Text: Amos 8:4-7 (Luke 16:1-15)                                                     W 17th Sunday after Pentecost


“In God We Trust”


            In the name of the One Mediator between God and men, the man Jesus Christ, dear brothers and sisters in the Lord:  I’m going to begin this morning with a something of a confession.  It’s a dark secret of my younger years that shames me now to speak of; but the truth is that I used to be an avid fan of the television show Star Trek.  Yes, it’s embarrassing but true.  Now don’t get me wrong here, I was never a full fledged “trekkie”.  I never went to any of those weird Sci-Fi conventions dressed up like Mr. Spock, what with the pointy ears and all (although I do think it would be neat to learn how to do that thing when he’d put his hand on someone’s shoulder, give a little squeeze, and knock them out).  But even though I wasn’t that much of a fanatic, I can say that I’ve probably watched every episode at least three times (maybe more).  And somehow I suspect that I’m not alone in this.  C’mon, come clean:  who else was a closet Trek fan?


            In retrospect, it’s interesting now to watch some of those old shows and see how they reflect the fears, politics, and issues of the times in which they were created. Take the old series, for example: it was filmed in the mid to late sixties during the height of the Cold War.  So on one side you had the good guys:  an alliance of friendly alien races called the United Federation of Planets – which sounds a lot like the good old USA.  The biggest villains out there in space were the Klingons:  a race of warriors who were bent on conquest and destruction. They were a threat to everything the freedom loving peoples of the Federation stood for – and they were therefore a very thinly veiled portrait of the Communist Soviet Union.  Even farther out there in space was another group of villains just as threatening, but they were much more secretive and mysterious.  They kept themselves distant, avoiding direct contact or negotiation – almost as if they were behind an immense galactic wall.  They were called the Romulans, which might suggest some connection to Rome; but they were clearly intended to represent the Red Chinese – they even looked a little Chinese.  (And now some of the Trek fans are thinking, “You know, I never thought of it that way; but now that you mention it …)
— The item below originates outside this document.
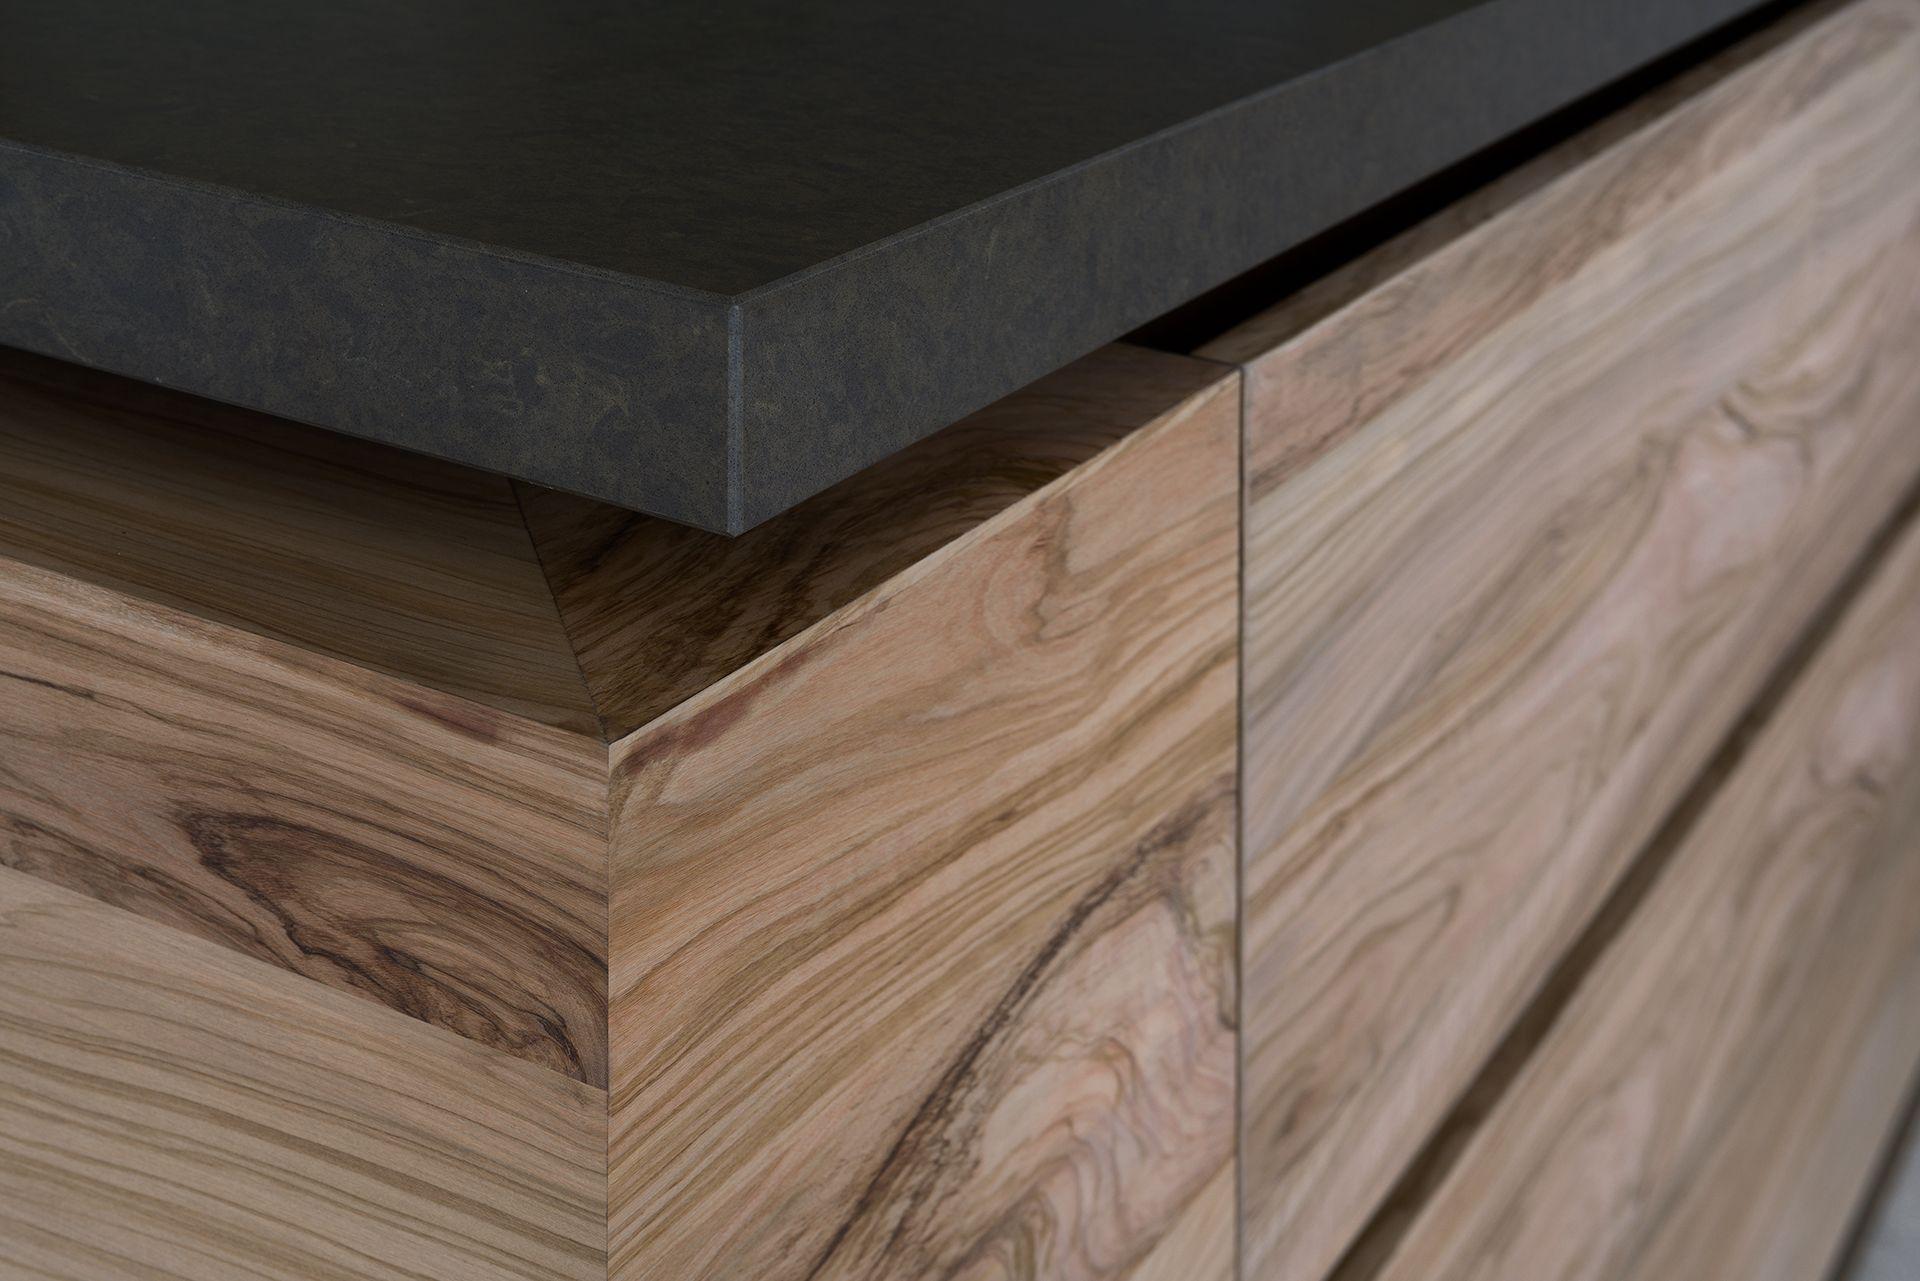 Donker aanrechtblad houten keuken keuken houten

            Okay then jump ahead to follow up series which was called Star Trek: the Next Generation.  It was filmed in the late eighties and early nineties, after the Cold War was over. And suddenly, sure enough, the formerly evil empire of Klingons had become friends of the Federation.  So new villains were needed to replace them, villains that reflected the social thoughts and issues of the day.  One group in particular stands out.  They were the Ferengi: ugly little brutes with bald, bulbous heads; shifty, beady, little eyes; and clutching, claw-like hands.  Their teeth were a crooked, jumbled mass of yellow points – the kind of thing that orthodontists wondering how they’re going to put their kids through college fanaticize about.  And they had these huge ears which were capable of picking up even the softest of whispers.  These ears served them well because they were a race of ruthless merchants and interstellar traders.  They were constantly in search of new commerce opportunities, always listening for rumors of potential wealth to be made.  They didn’t care who they dealt with or what kind of merchandise was involved. There were no ethics involved in their decision making.  They were driven by just one thing:  if there was a chance to turn a profit, they wanted to be in on the deal.  And the more profit to be made the better.  In short, they were absolutely disgusting both inside and out – and they were intended to be so.  But the question is:  who were they supposed to represent?  Who in this whole wide world could possibly be pictured in such an uncomplimentary way? Well, in case you haven’t figured it out, the sad truth is that they were meant to be a mirror of ourselves:  we ugly Americans and our perpetual, pitiless pursuit of wealth and the comforts that our wealth buys.  And while the faults of the Ferengi were highly exaggerated to press the point, there’s enough truth in the picture to hit home.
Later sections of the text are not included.